On the second day the convoy arrived, trailing horses and mules fully loaded with high, swaying wool bales. I found my merchant friend and gave him my letters. He refused to accept payment, and gave me a sack of the finest lamb’s wool instead. And since then, well, I have been working harder than ever before.
I run the school for four days, and then close it for two so the children can take part in necessary tasks at home, and then it is four days of school again. I try to mirror Sister O’s methods, teaching the children to read and write and think. But it is difficult to teach them to write without proper writing implements. The wooden planks and coal soon became impractical because one cannot rub out what has been written. I show them the letters, and teach them to sound them out and put words together. I read aloud often because most of my books are in a foreign language and I have to translate as I read. Only Erva’s book is in the local tongue. We do a little simple counting as well, with stones and fir cones.
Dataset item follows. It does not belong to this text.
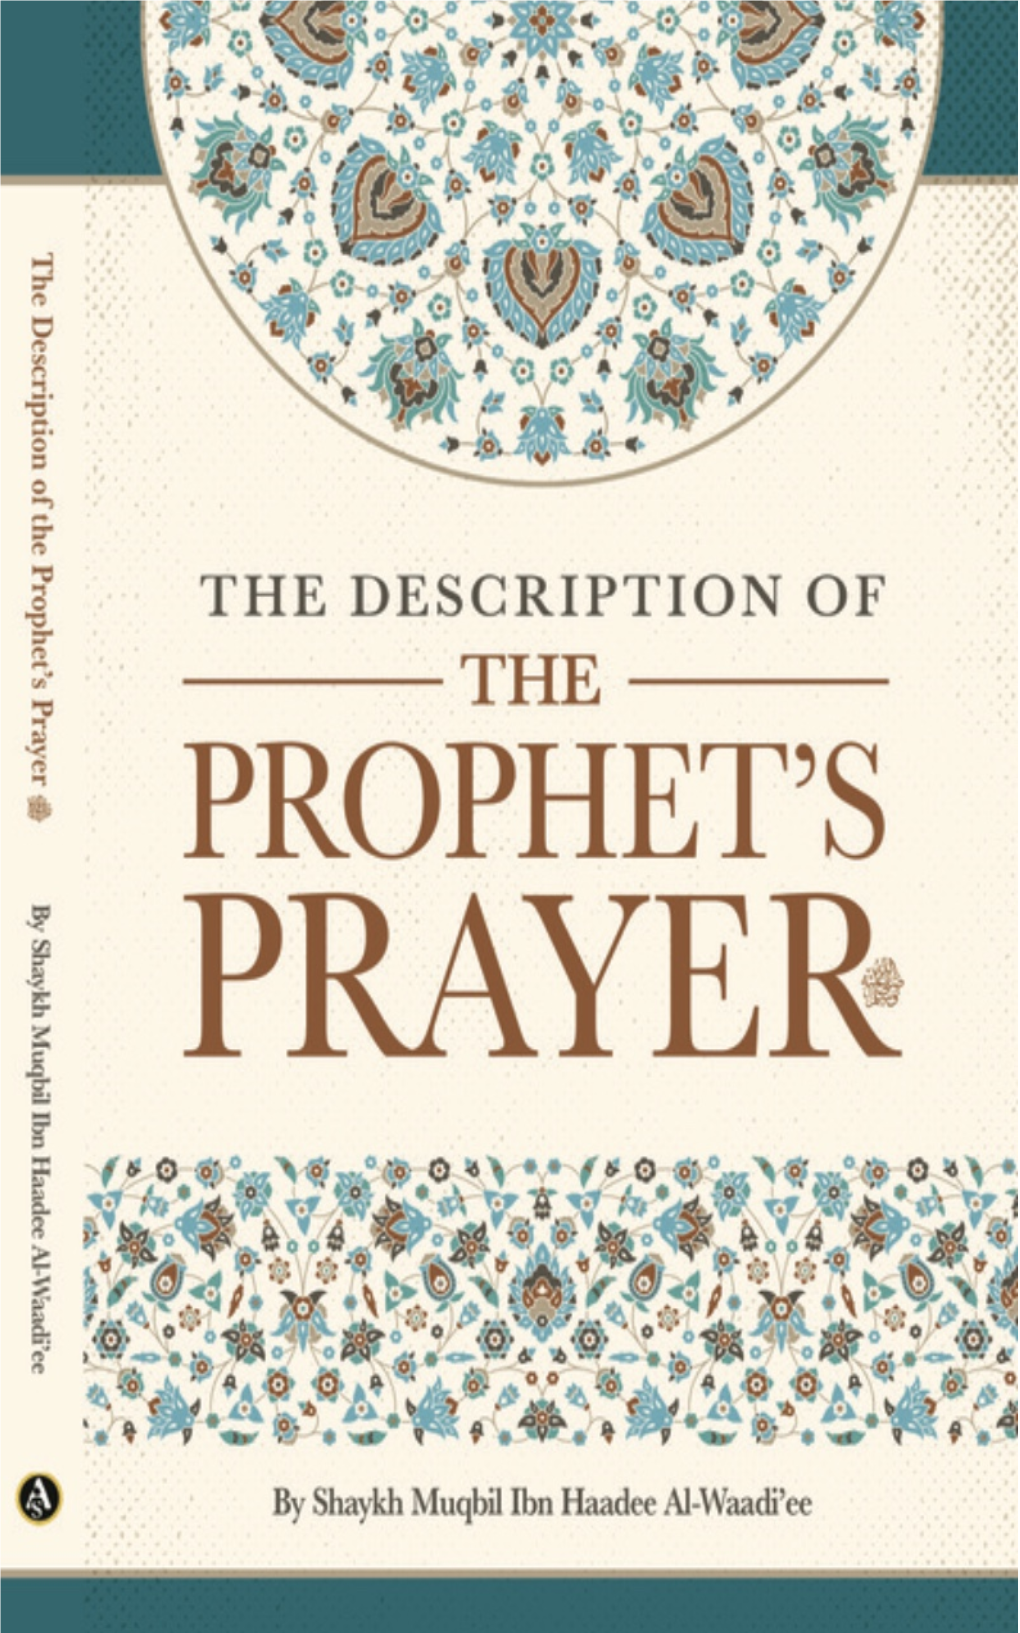 The Prophet's Prayer – Sh. Muqbil Ibn Haadee Al-Waadi'ee

Many of the children are very good at counting because they have herded pigs and goats in the woods and know how many animals they have on their farms. I am frustrated, not at their pace of learning, but because there is so much I would like to teach them and do with them, but cannot because I lack the tools. Sometimes we go out into the forest and I teach them about different medicinal plants. I teach them to wash themselves as well, and that cleanliness is essential for one’s food, household and body in equal measure. I know that this is not always popular among their families, but it is one of the most important things we had to learn when we first came to the Abbey, wouldn’t you agree?